Putting aside the obvious federalism question that the Supreme will probably drive over like a pathetic speed bump, there is a real question about whether receiving gifts that caused a politician to give special access to and social favors should be criminal. After all, if you have a political system, then you have to accept politics will necessarily happen. As one amici writes, these actions are extremely common and without greater statutory guidance there is almost limitless discretion to prosecute any politician.

In that regard, the state AGs argue further that an ‘official act’ must require official action on a particular matter.  And that some level of formality is required rather than merely attending a meeting. Plus, presumably it would need to be a meaningful action.
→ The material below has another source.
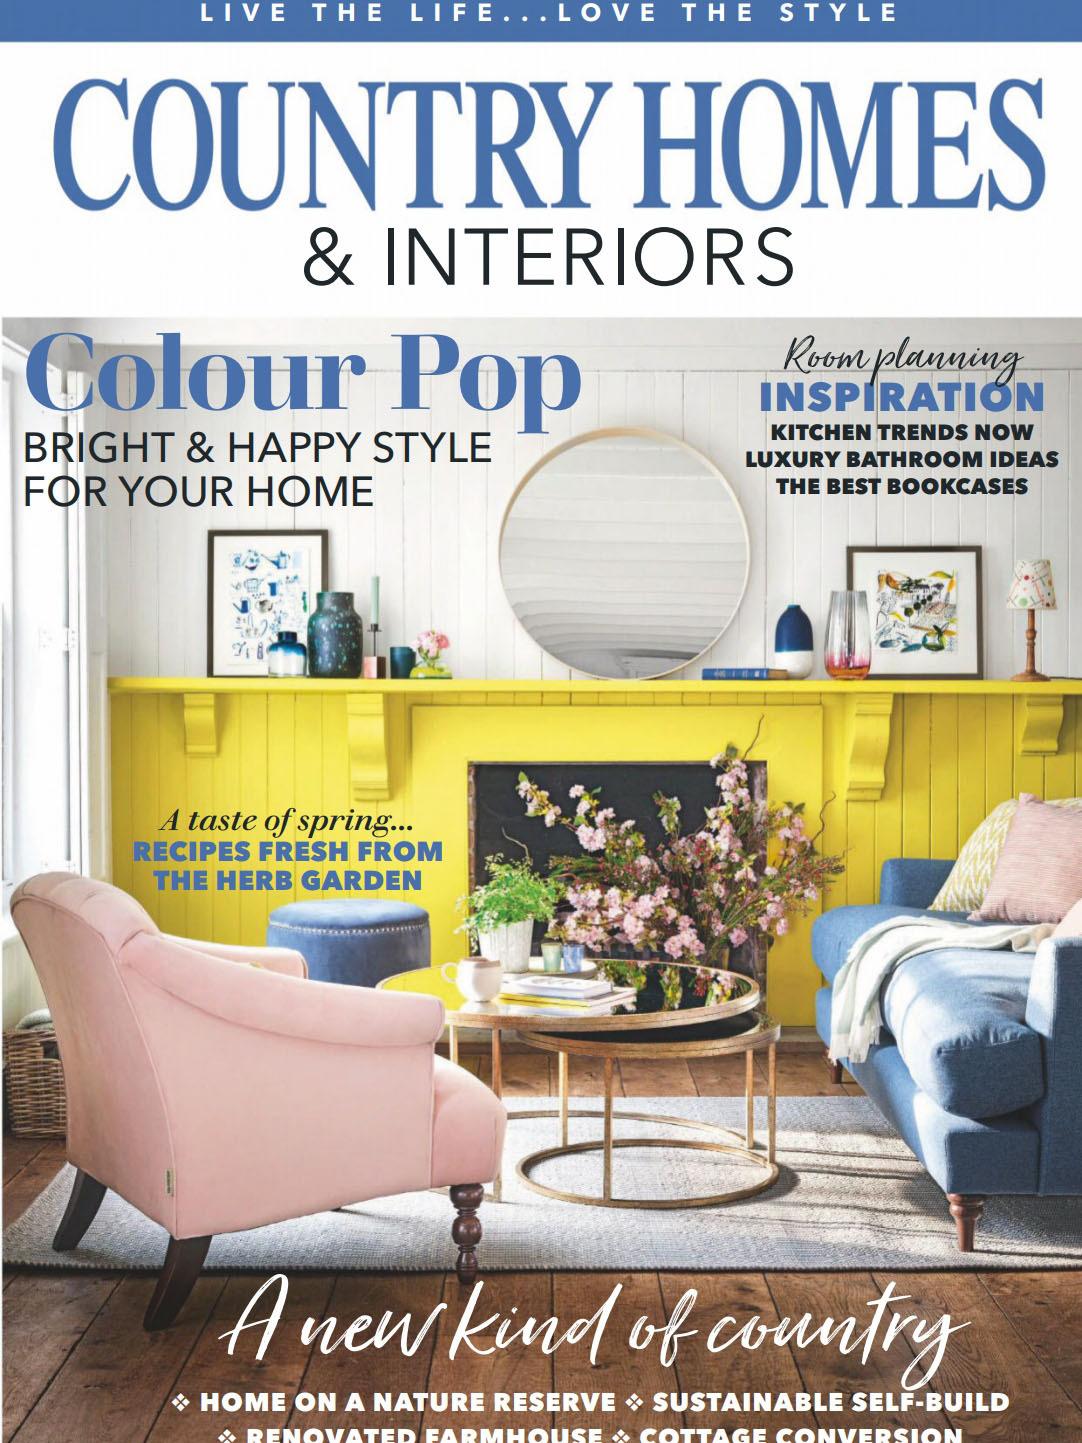 《Country Homes & Interiors》英国家居装饰杂志2020年03月号

Another example that comes to mind are politicians giving honorary titles and appointments, such as a Nebraska Navy Admiral or meaningless proclamations to donors.  Under the federal prosecutor’s theory such an act could be honest-services fraud.

Moreover, as McDonnell points out, the honest services statute does not, itself, define or require official acts, which come from a statute that does not apply to state actors. So, to prosecute this conduct, the federal prosecutors borrow a vague term from an inapplicable statute to satisfy the Supreme Court’s judicial re-write of a different, otherwise unconstitutionally vague statute. All to protect the people of Virginia from the harm they themselves do not believe they suffered. America, what a country!

Bribery of state officials is usually a state matter. While it’s entirely understandable that the federal government would want to prosecute corrupt officials in addition to the state, it’s much more difficult to understand federal prosecutions in spite of the state. This is especially so if there is no harm to the federal government, e.g. the misuse of federal funds. Sometimes the states make policy decisions with which the feds or other states do not agree, and the offended governments are powerless to do anything about it. But that’s not a bug of the federal system; it’s a feature.